Below are entries; repeat exactly, and nothing else, the lines from the one holding "download g f" through the one holding "Black Tie iPhone 5/5s Back Cover", inclusive. Leave the pictures out.

Information:
--
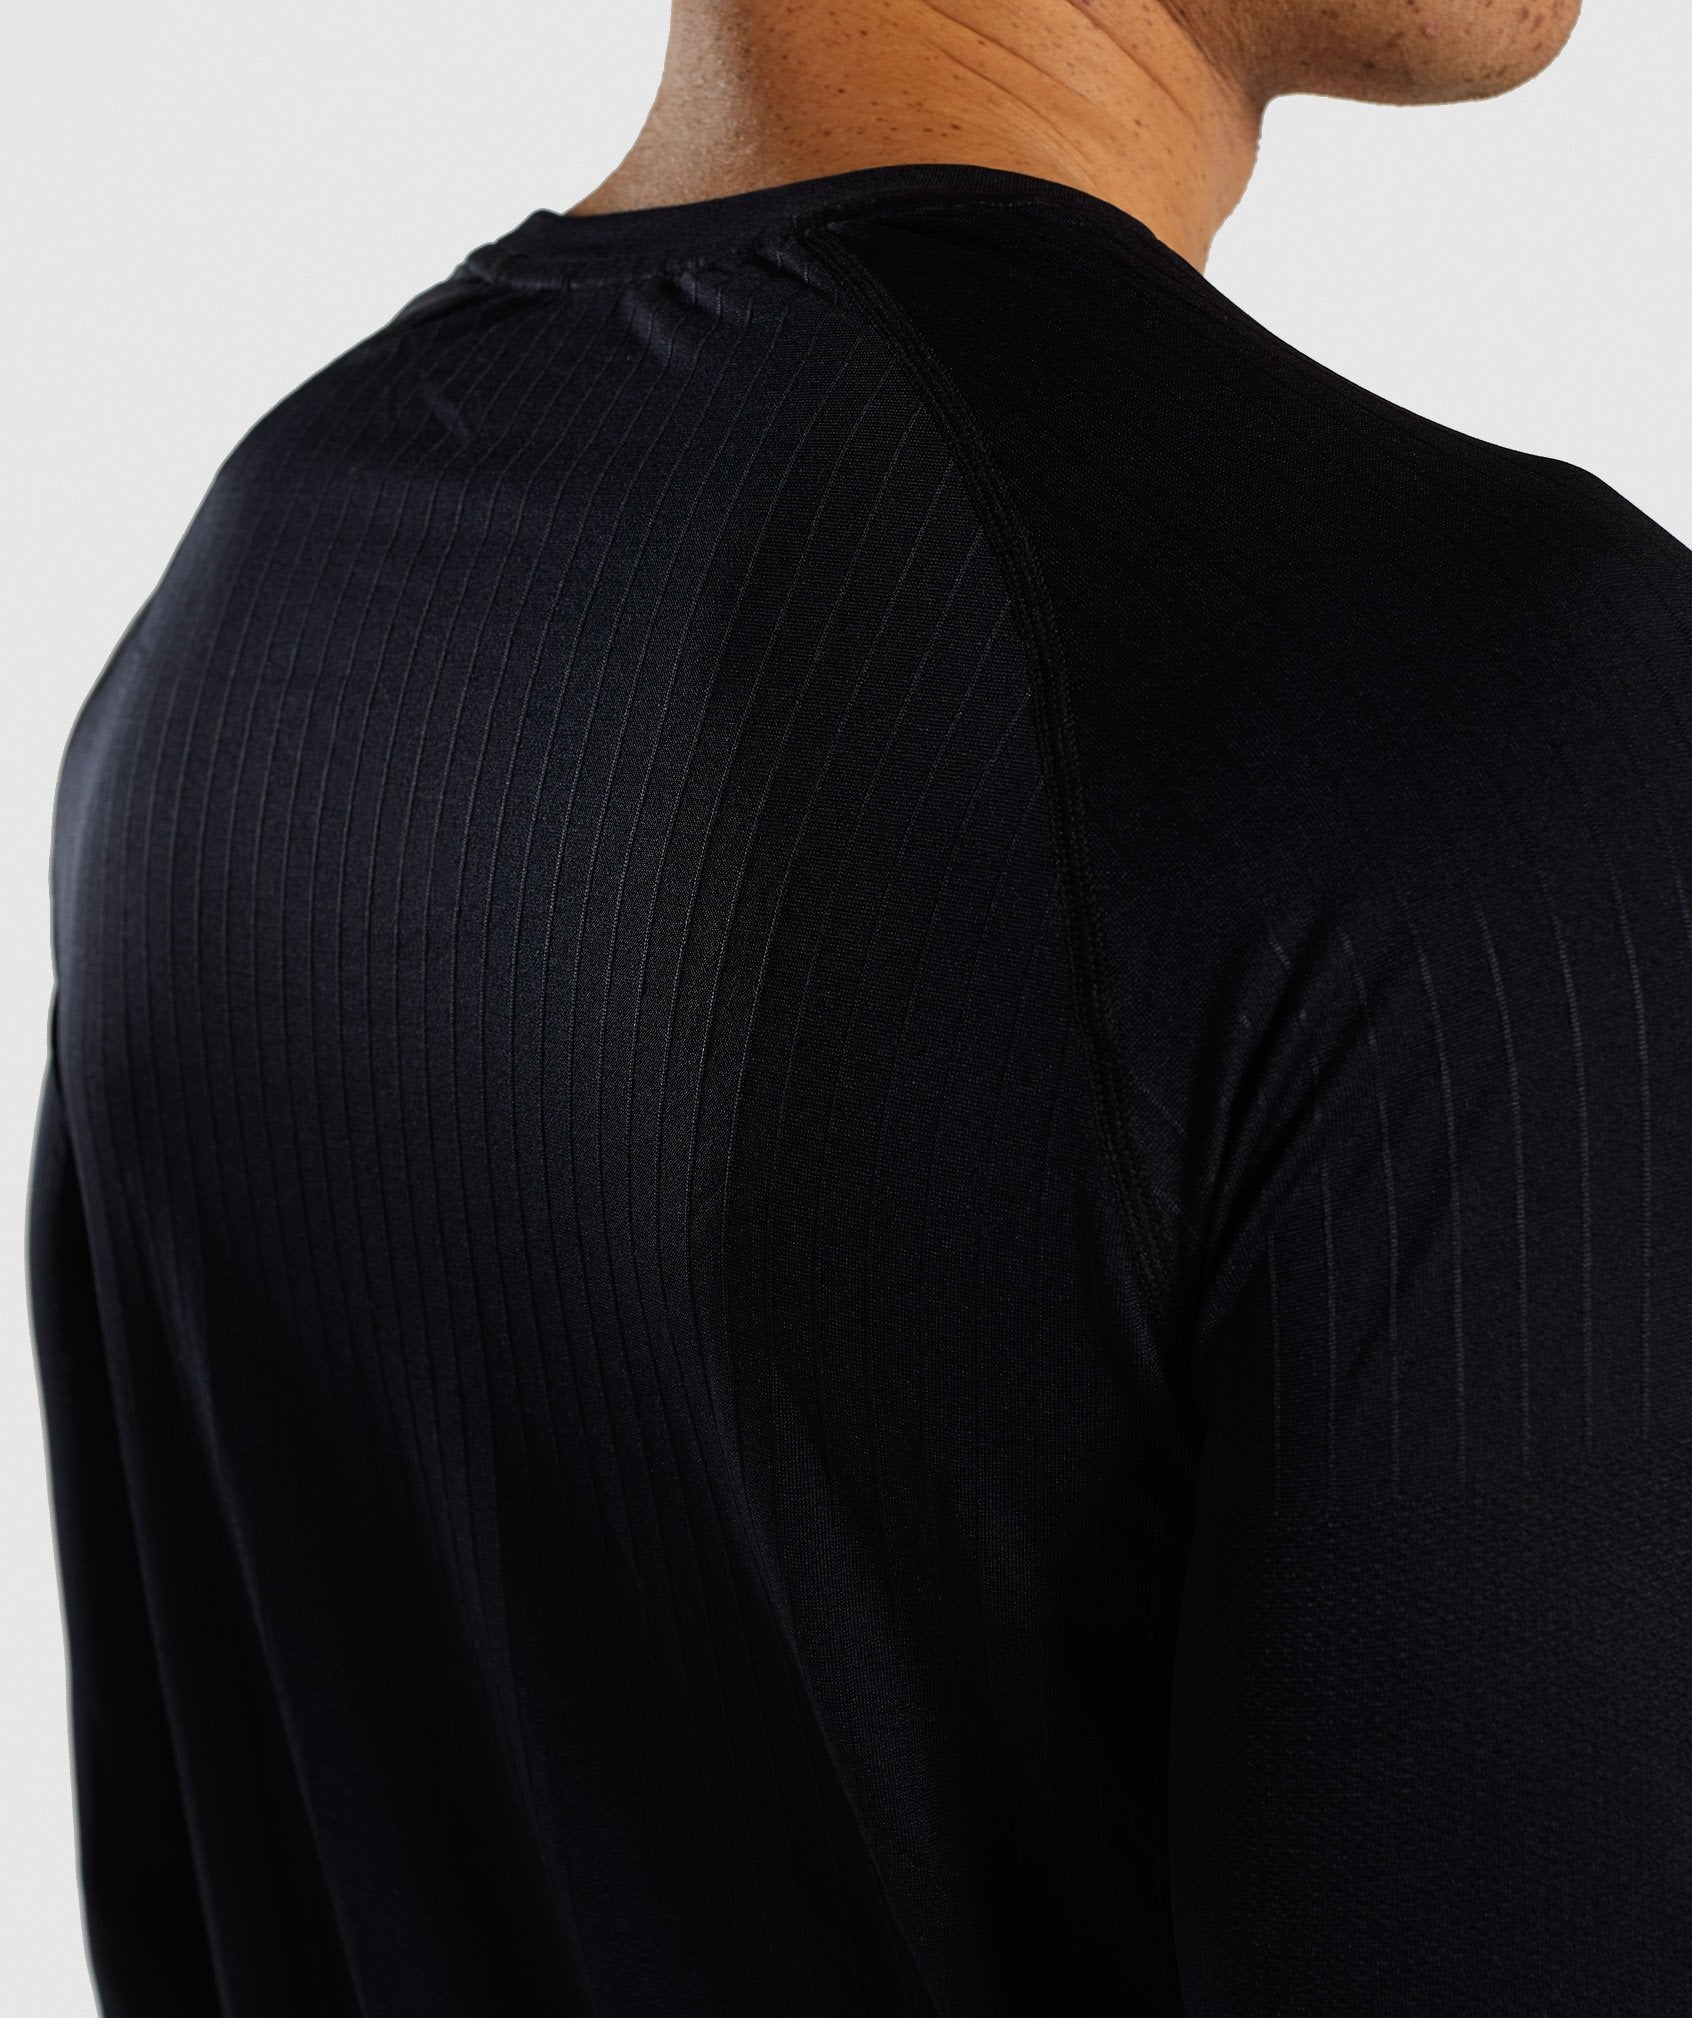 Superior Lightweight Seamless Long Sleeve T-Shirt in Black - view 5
--
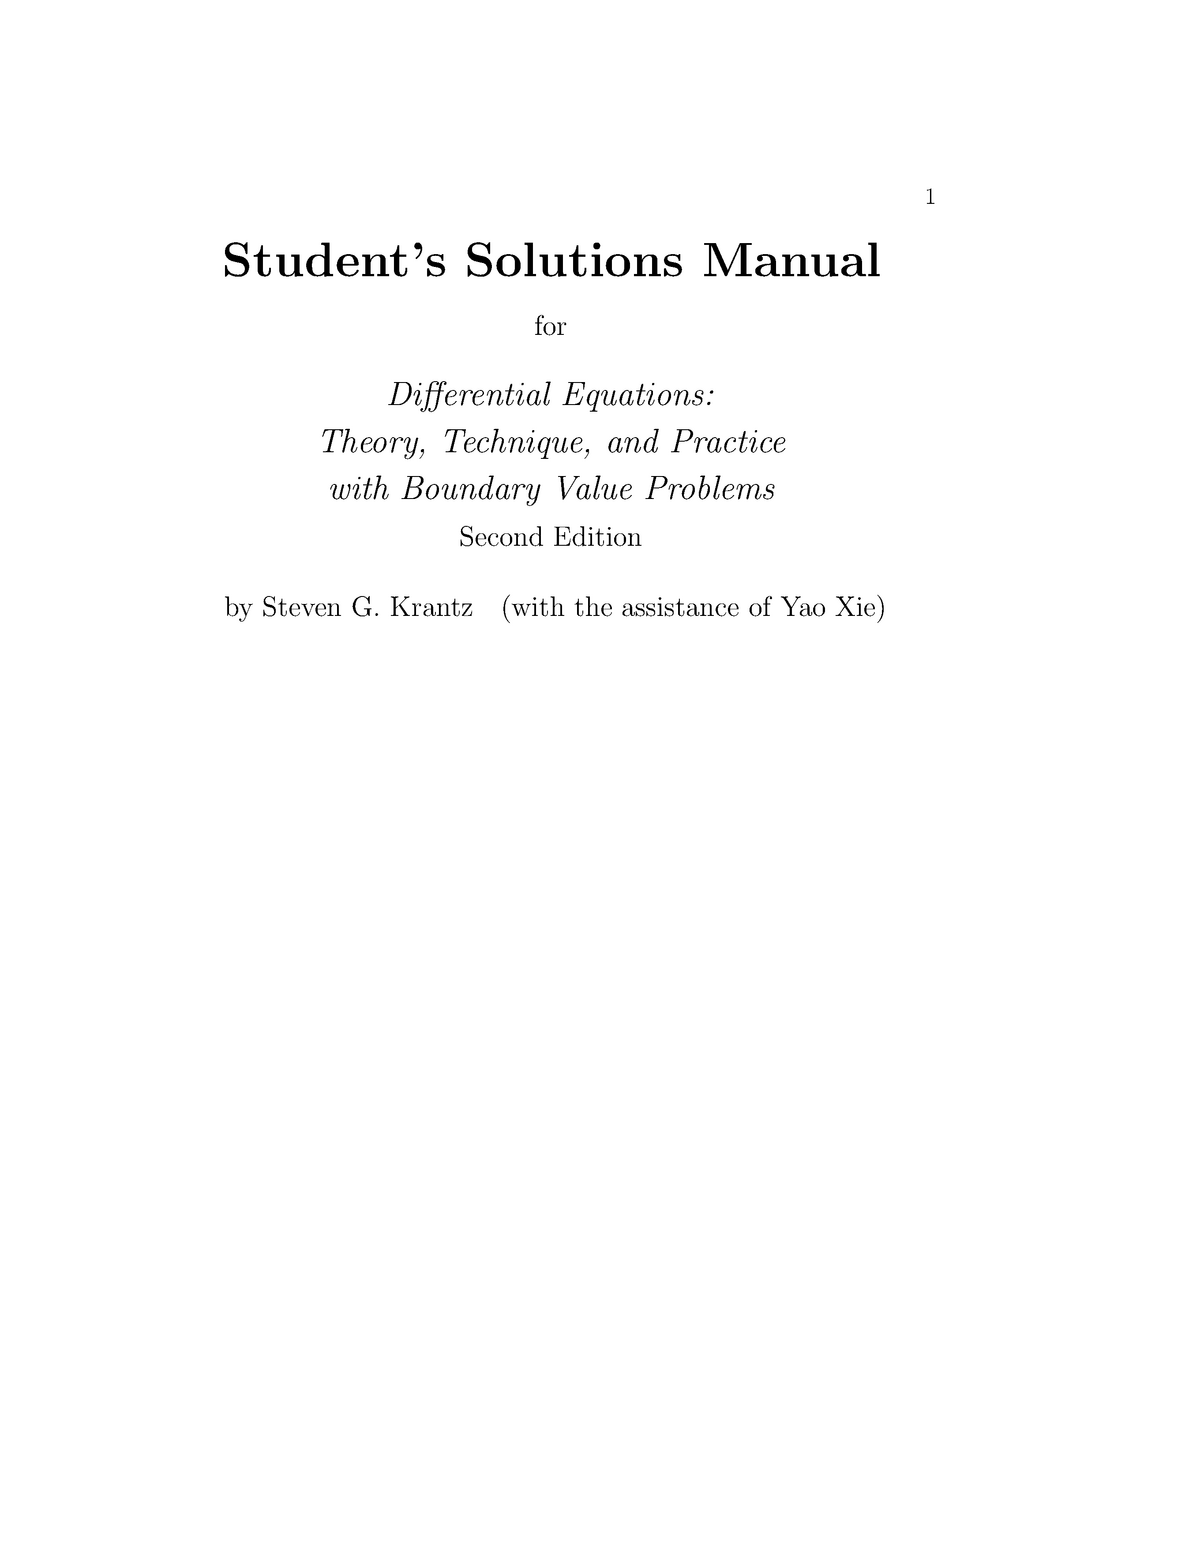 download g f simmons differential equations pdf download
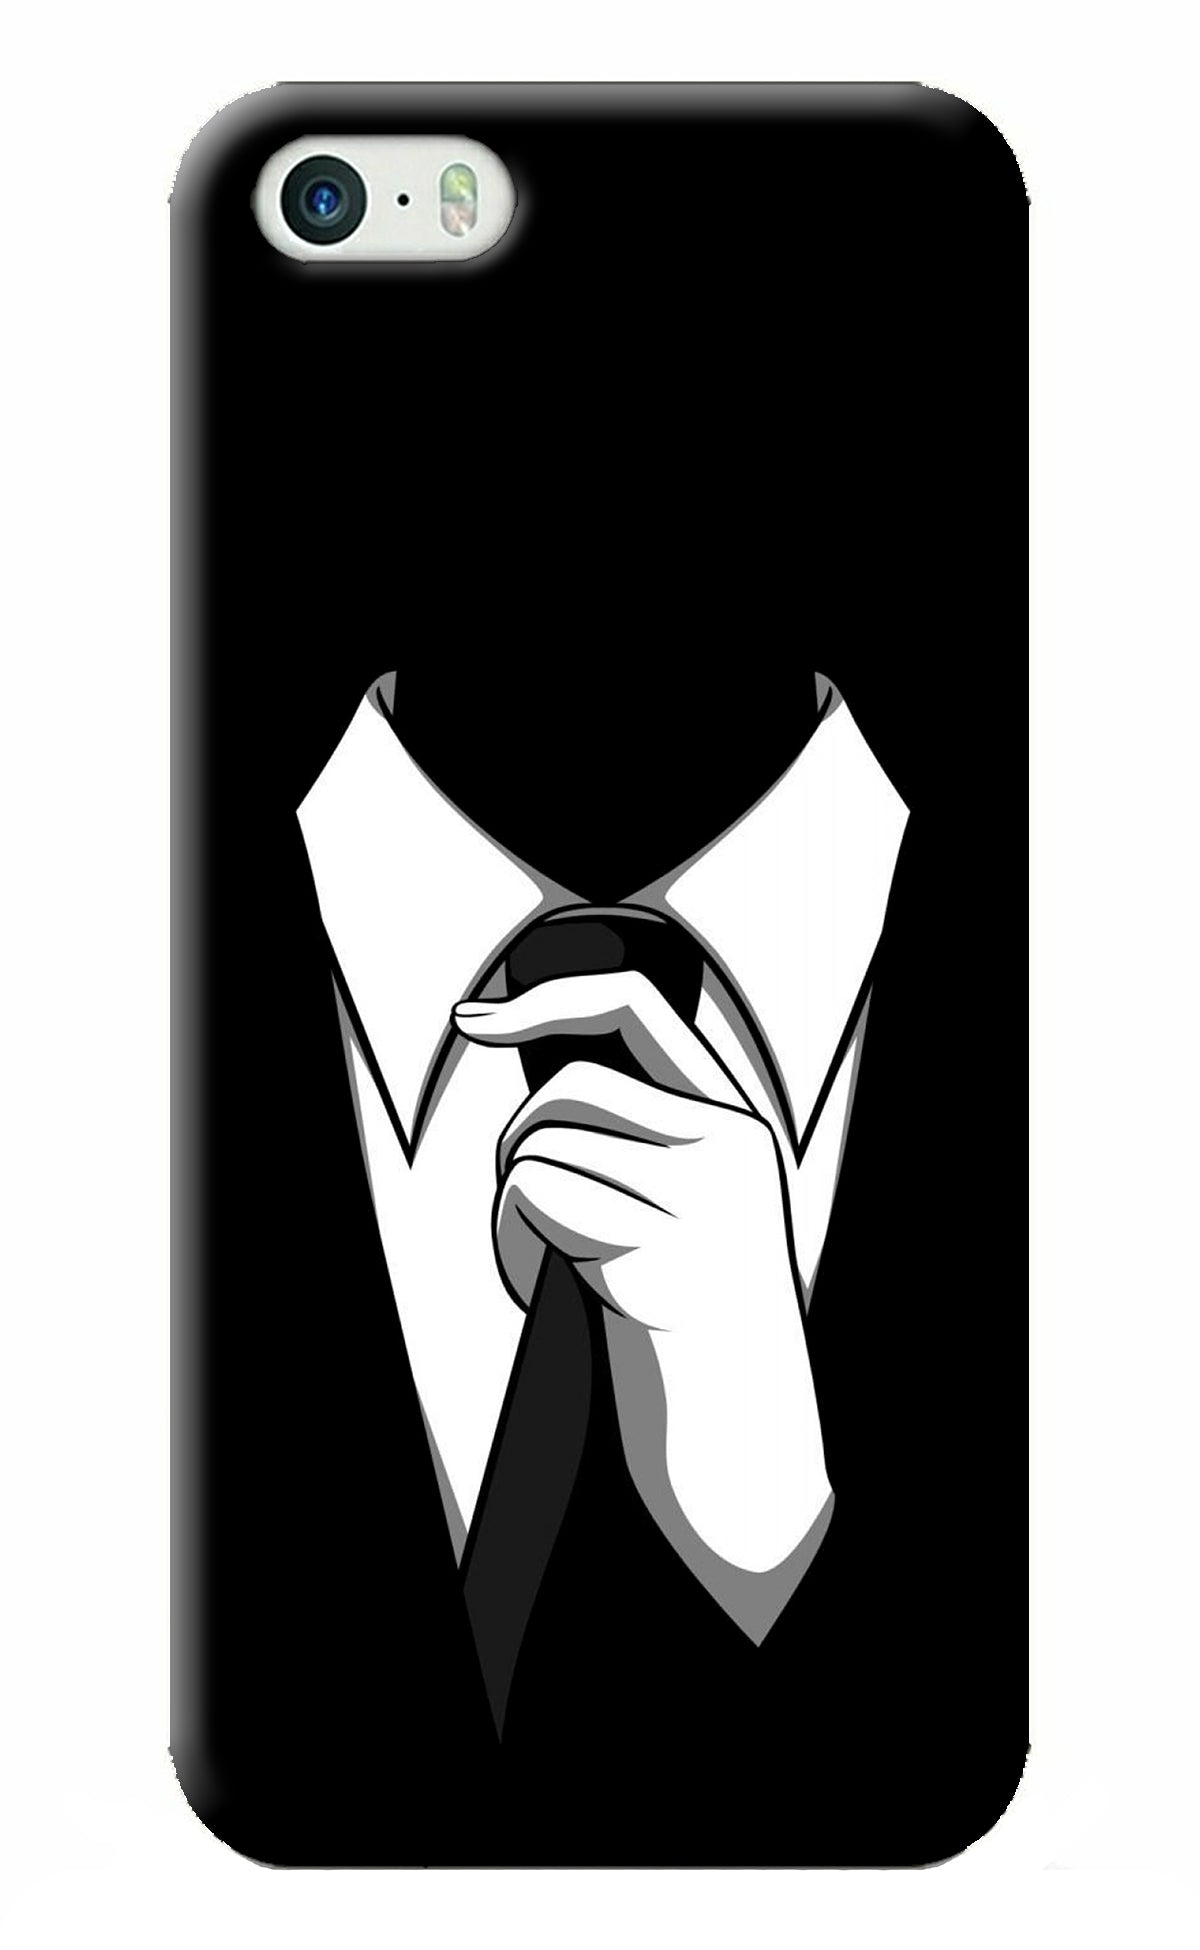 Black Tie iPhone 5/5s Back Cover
--
Written solution:
 download g f simmons differential equations pdf download
 Black Tie iPhone 5/5s Back Cover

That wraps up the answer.